The FortiASIC™ Advantage
The FortiGate-3700D features the latest FortiASIC NP6 processor, which has been designed in-house by Fortinet’s network ASIC experts.
The Network Processor ASIC delivers huge performance benefits over a traditional CPU plus software approach. This enables FortiGate high performance network security appliances to have a smaller footprint and consume less power but still deliver the highest throughput numbers at a very low price.


IPv6 Ready
IPv6 is picking up momentum globally, and it is very important for firewall devices sitting at the edge of a network to be able to process IPv6 routed traffic just as fast as IPv4. Additionally, customers often require Network Address Translation (NAT46, NAT64, NAT66), which requires additional processing capabilities. The FortiASIC Network Processor allows FortiGate appliances to deliver comparable IPv6 and IPv4 throughput and translation, eliminating the performance bottleneck other security vendors cause.


High Availability
The Data Centre requires extremely high availability to maintain Application Service Level Agreements. FortiOS 5 provides multiple forms of high availability (HA) such as Active-Active, Active Passive or Virtual Cluster. Depending on the configuration, failover times are in the sub-second range. Multiple HA deployment modes allow tight integration into different data centre architectures.


Cloud Ready Management
To simplify the management and analysis of physical and virtual security infrastructures deployed in large data centres and multi-tenant cloud environments, Fortinet provides single-pane-of-glass management with the FortiManager family of physical and virtual management devices. FortiManager centralised management allows security administrators to configure and manage thousands of physical appliances and virtual machines. Flexible APIs, such as JSON and XML, allow automated configuration and provisioning of devices.


The FortiAnalyzer family of physical and virtual devices provides centralised logging and reporting, which enables administrators to analyse, report and archive security event, network traffic, Web content and messaging data to accurately measure policy compliance.

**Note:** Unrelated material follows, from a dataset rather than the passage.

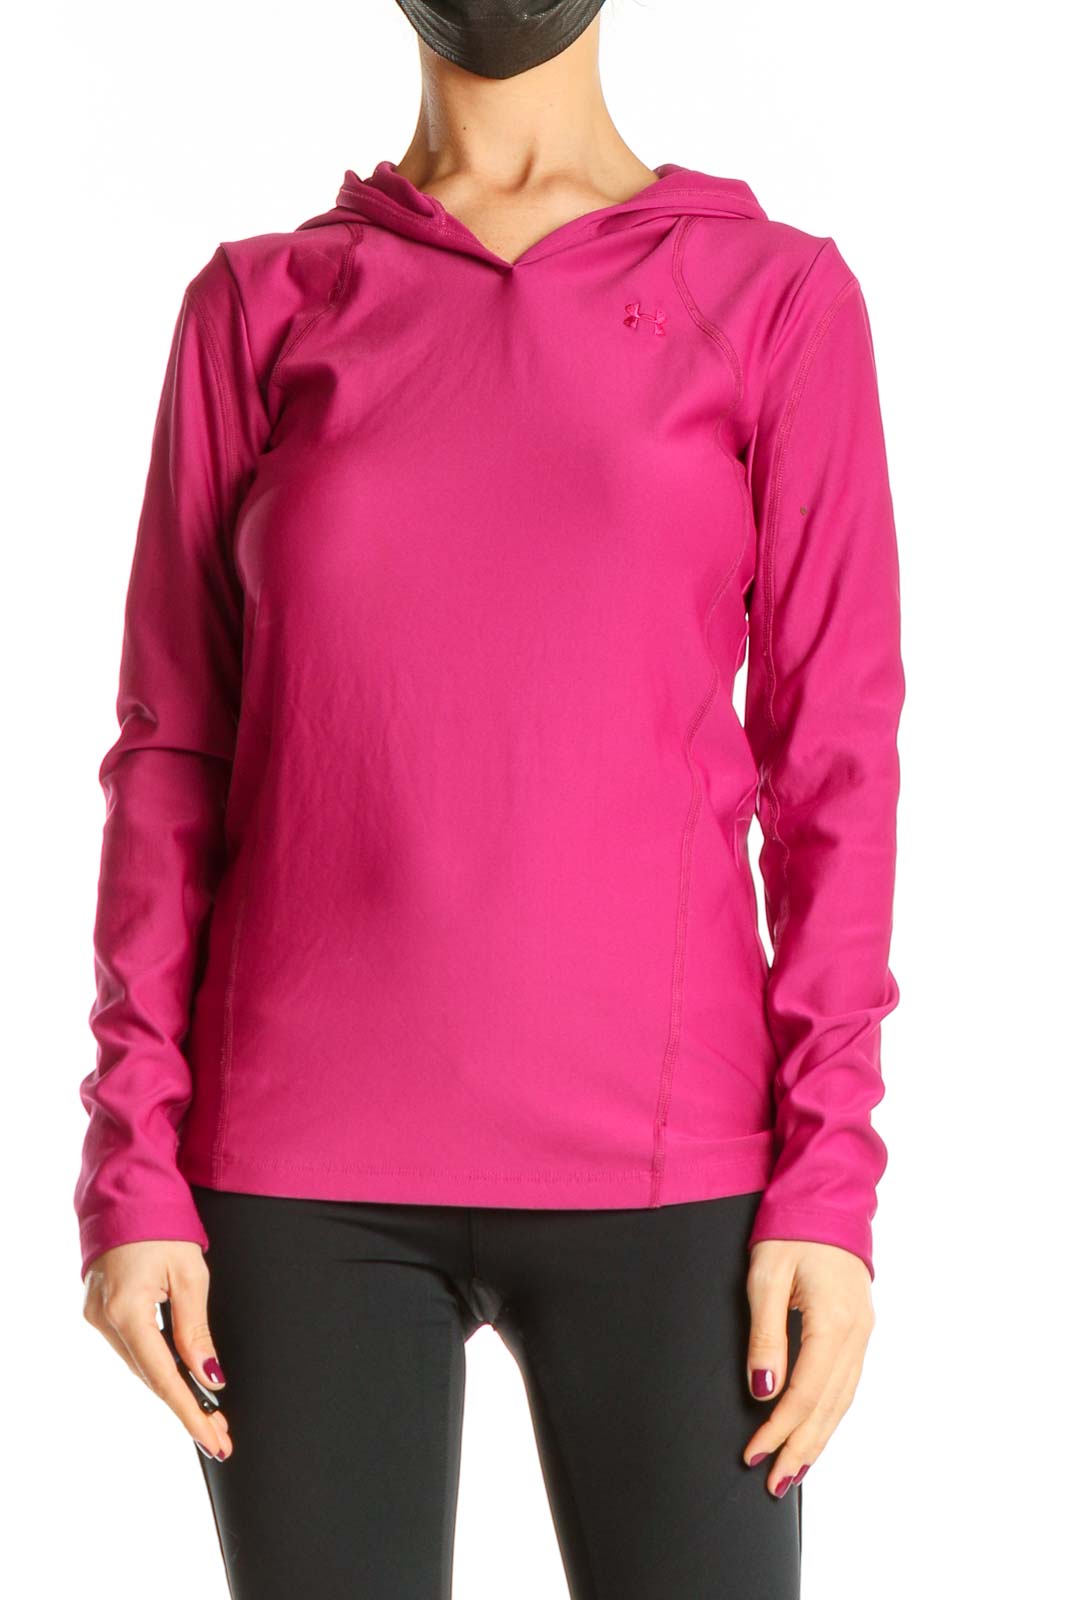 Pink Activewear Jacket Front

“For some time our data centre customers have been asking us for higher firewall throughput and high speed port connections as they consolidate data centres around a 40 or 100 Gbps switching infrastructure/fabric. We have an aggressive roadmap to deliver on these requests starting with the FortiGate-3700D,” said Michael Xie, founder, CTO and vice president of engineering for Fortinet. “Not only have we delivered the required throughput, but we’ve done it at a CAPEX and OPEX, compact form factor, latency and port density not seen in the industry thus far.”